Jim Jarmush ayant composé la musique avec son groupe SQÜRL des quatre films de Man Ray, nouvellement restaurés,  établissait une parenté royale avec le Centre Pompidou et son excellente exposition dédiée aux surréalismes. Florence Bourgeois, directrice de Paris Photo déclarait à ce propos: » « Le surréalisme, influence centrale de Jim Jarmusch, …, trouve une résonance particulière dans le parcours qu’il a construit pour la foire. Sa sélection ouvre un dialogue entre le cinéma, la musique et l’image. Pendant des années, il s’est adonné à la photographie et a créé des centaines de collages à partir de journaux. Ces collages sont réunis dans l’album Some Collages (Anthology Editions, 2021). »

Tout collectionneur, toute institution, tout un chacun, profane ou expert, amateur ou professionnel, chacun se devait d’être là, à parcourir, en aveugle, en femme, en homme éclairé, l’offre plénipotentiaire dans ses richesses, sa multiplicité, sa prodigalité, prouvant que la photographie est devenue un art majeur, un marché conséquent, presque une religion, tant les « spectateurs » foulaient encore ce sol « béni », affrontant la queue monstrueuse, deux heures seulement avant la fermeture définitive de la foire…. c’est dire tout l’engouement et le succès de cette 27 ème édition. Il y en avait pour tous les goûts, une foule conséquente, quasi processionnaire, déambulait le long des allées, sur les coursives de ce désormais Grand Palais, magique, aérien, pulmonaire, palais du ciel en ce Paris de Novembre.

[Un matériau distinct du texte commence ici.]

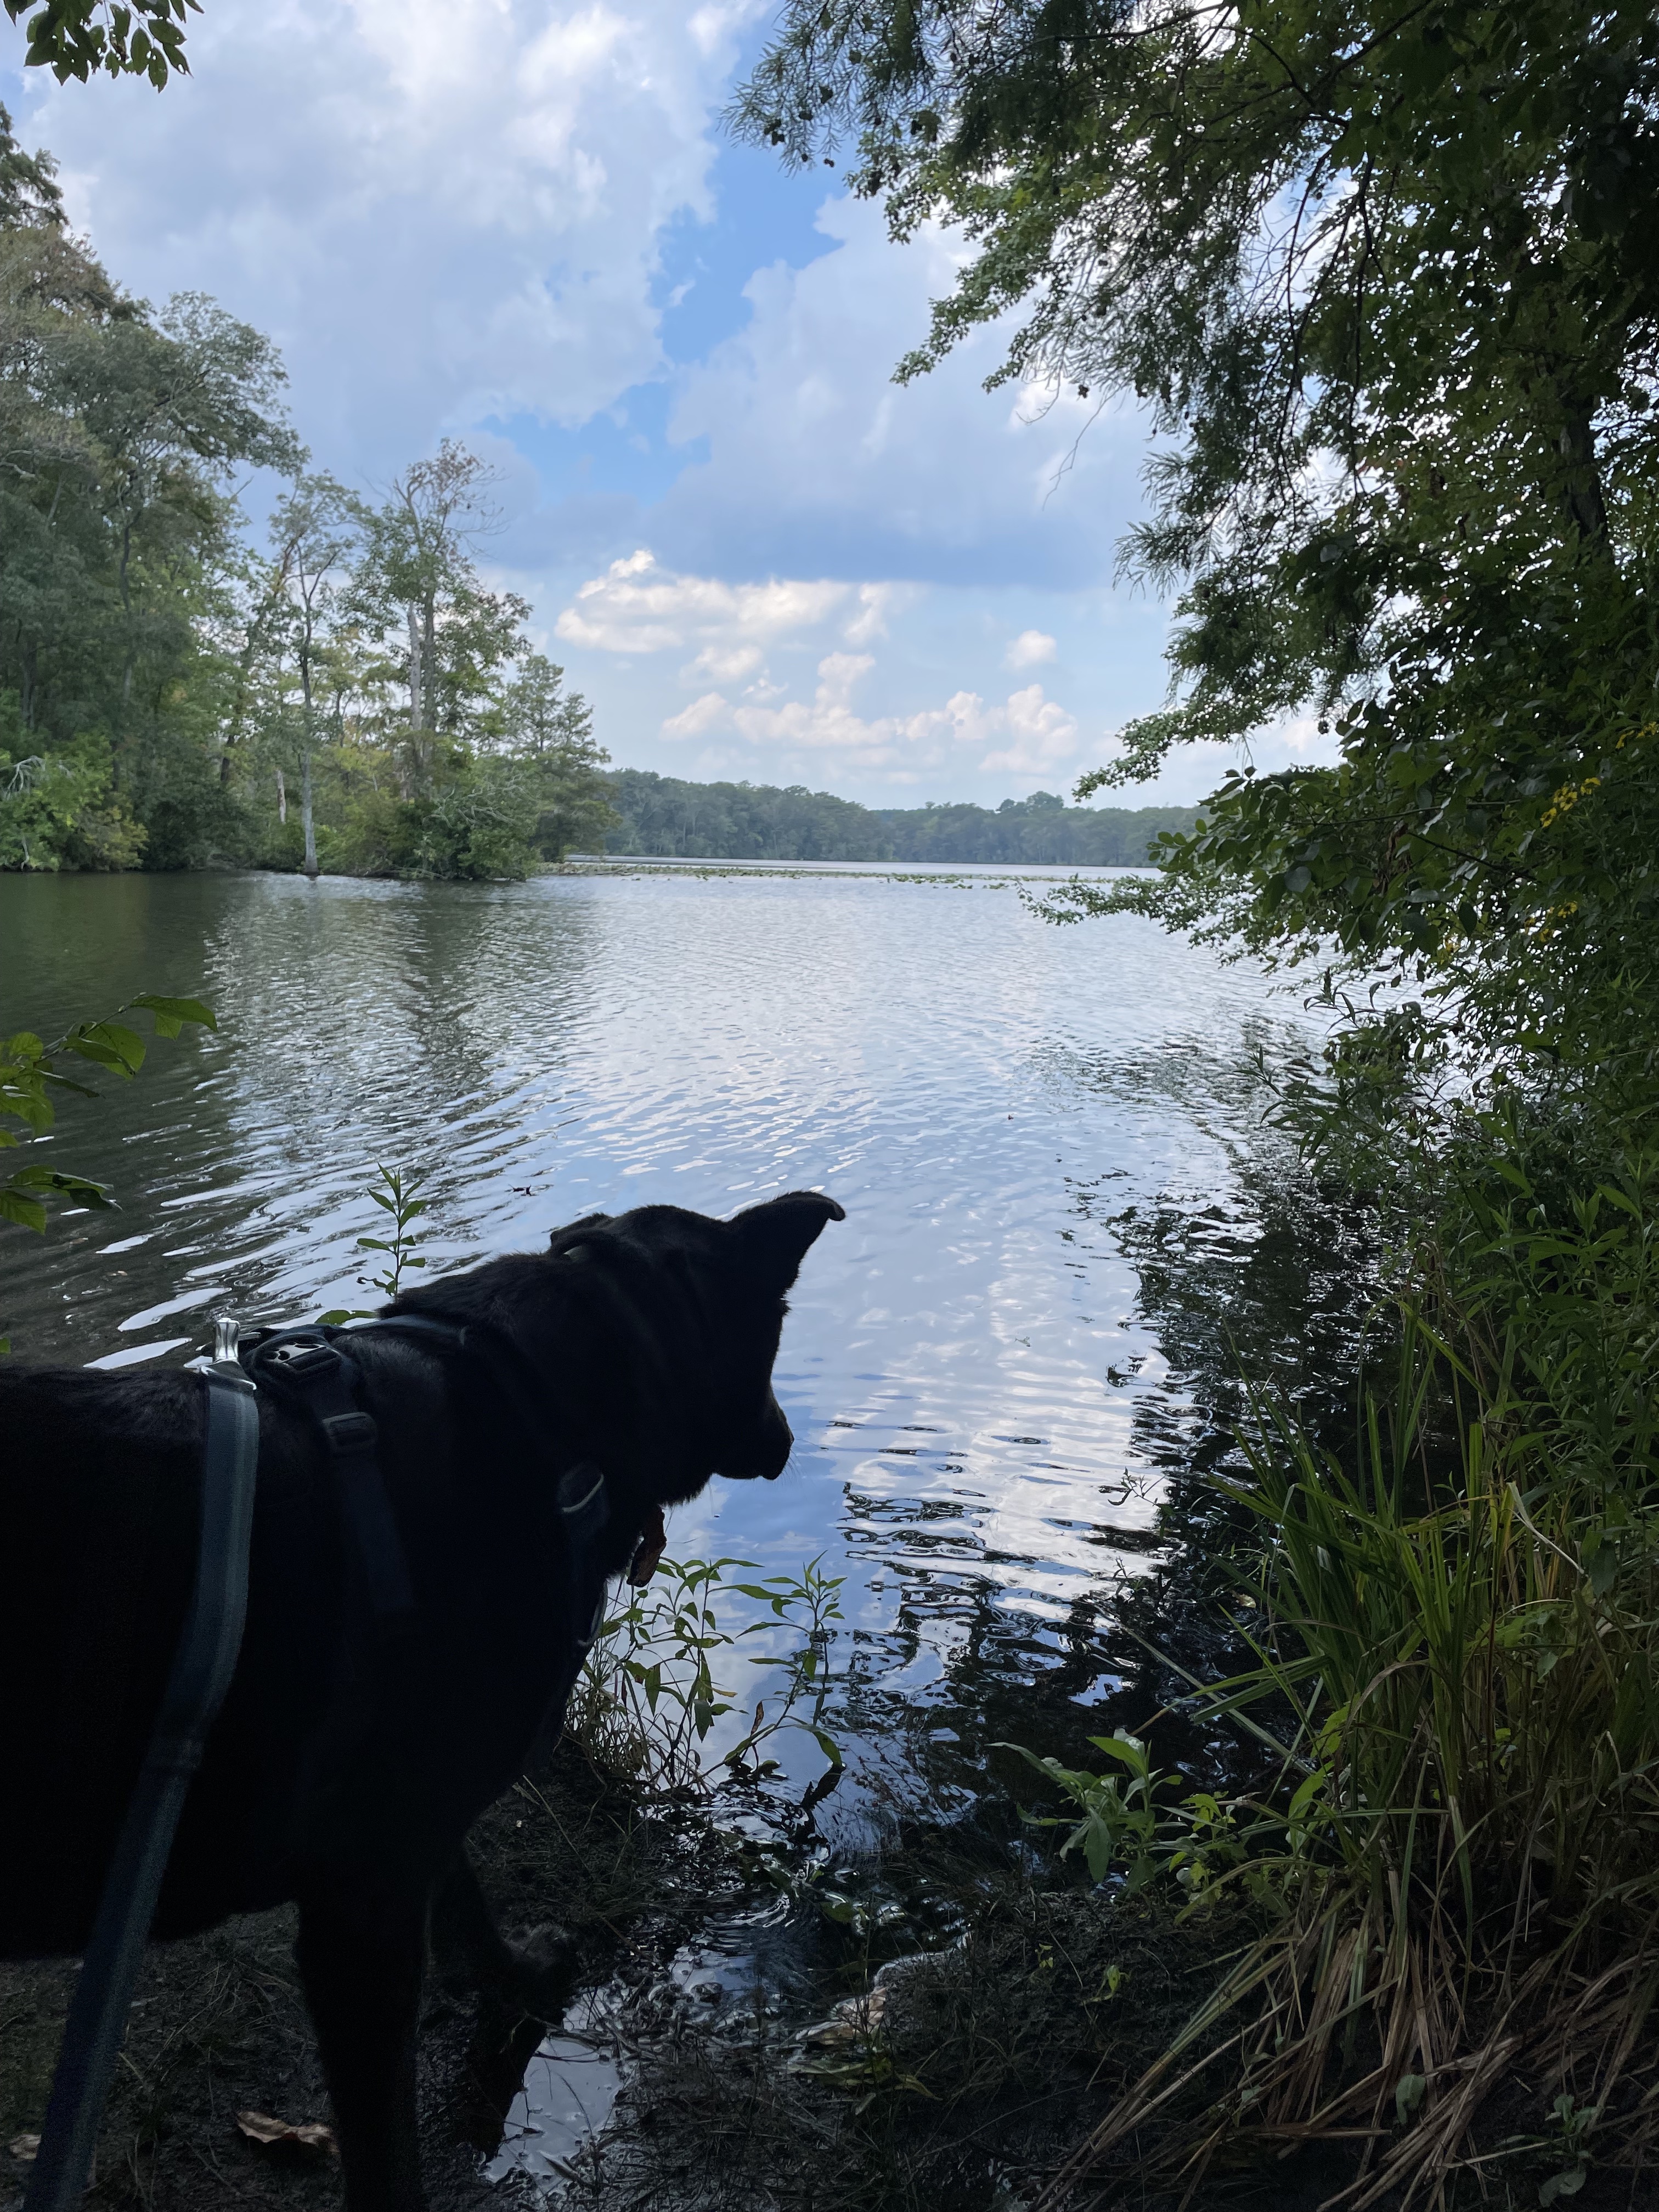 Black dog overlooking river in Pocomoke River State Park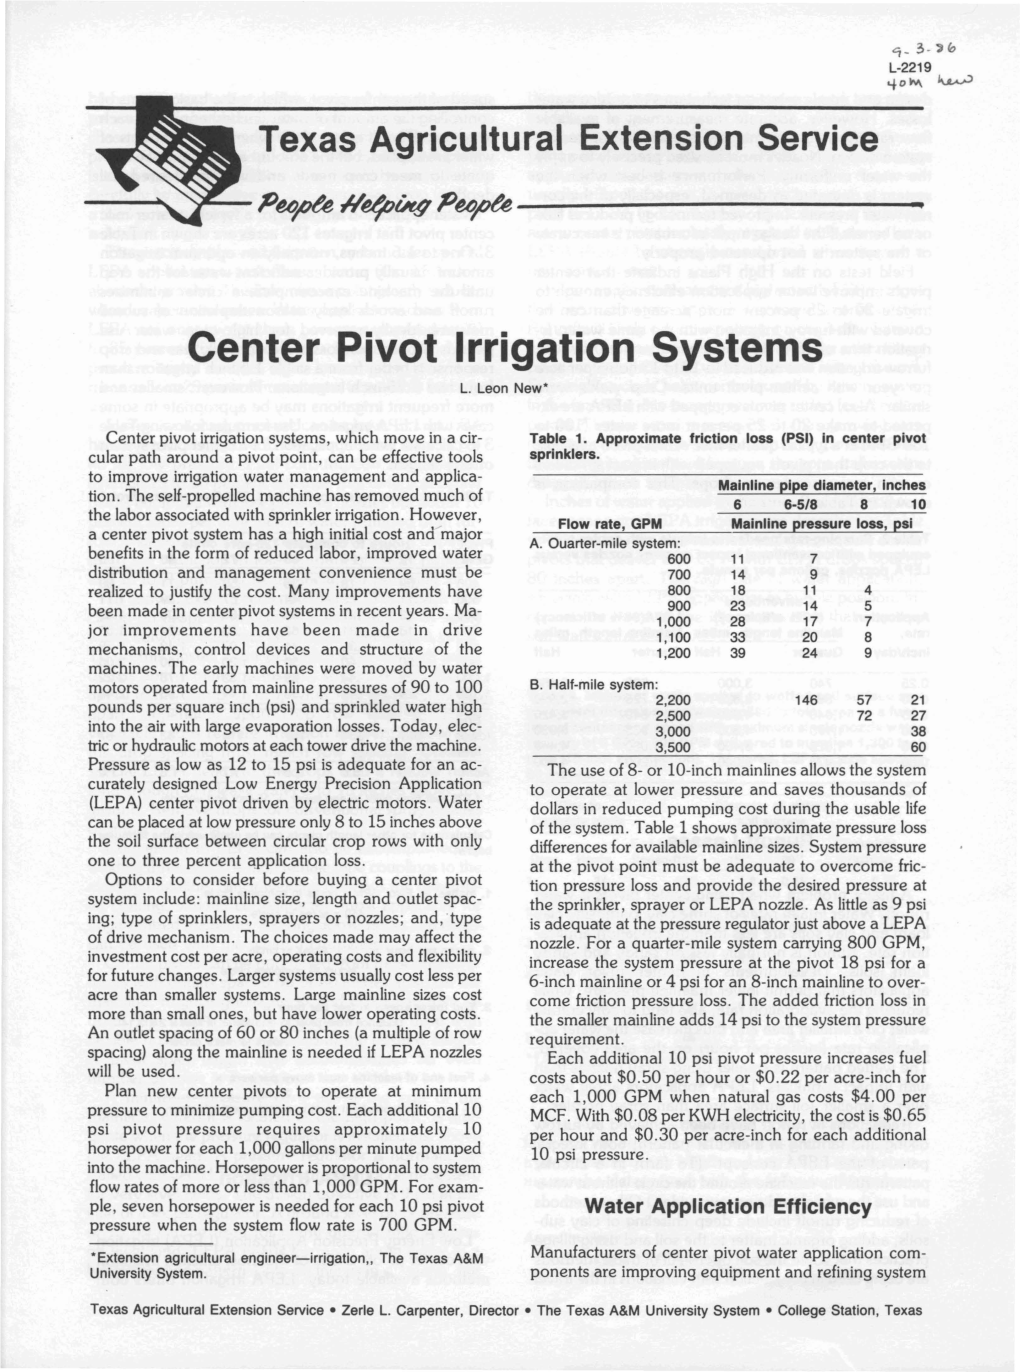 Center Pivot Irrigation Systems L

Paris Photo 2024 était structuré en six secteurs, le secteur principal et ses 140 galeries occupait l’espace central, la grande coursive qui fait le tour en hauteur, comptait l’édition photographique, les sections Emergence, 23 galeries,  Prisme 7, Voices, 13 galeries, Digital , 15, étant sur 2 niveaux.

La foire, plus internationale que jamais avec 34 pays représentés, était placée sous le signe de l’expérimentation, des premières technique du XIXe siècle au secteur Émergence, en passant par le Surréalisme et la création digitale, dans une proposition cette fois assez minimale, reposant timidement la question qui me semble procéder du marketing culturel dans ses peurs, l’utilisation de l’IA, étant donné qu’Alina Frieske répondait plutôt de l’utilisation sociale du flux d’images par ses collages numériques réalisés à partir d’images glanées sur les réseaux sociaux .. .

On le voit ,cette édition hyper active, donnait à voir et à penser, s’appuyant sur son passé prestigieux, toujours actif, toujours séduisant, toujours actuel pour essayer de vivre toute une photographie actuelle se situant en pleine réalité dans une approche critique, maniant fictions, collages, procédés rénovés, images négatives, tirages chers et chics (lithium, or,) ou classiques, magnifiquement réalisés,  afin de s’établir un peu plus comme l’art, le plus démocratique du XXIe siècle, un art de la différence et de l’expression dans ses approches thématiques, reportages sociaux, documentaires, still life, architectures, mode, portraits et paysages, nus, aventures plasticiennes, travail sur le medium, apports critiques et formalismes étant largement présents en ce salon.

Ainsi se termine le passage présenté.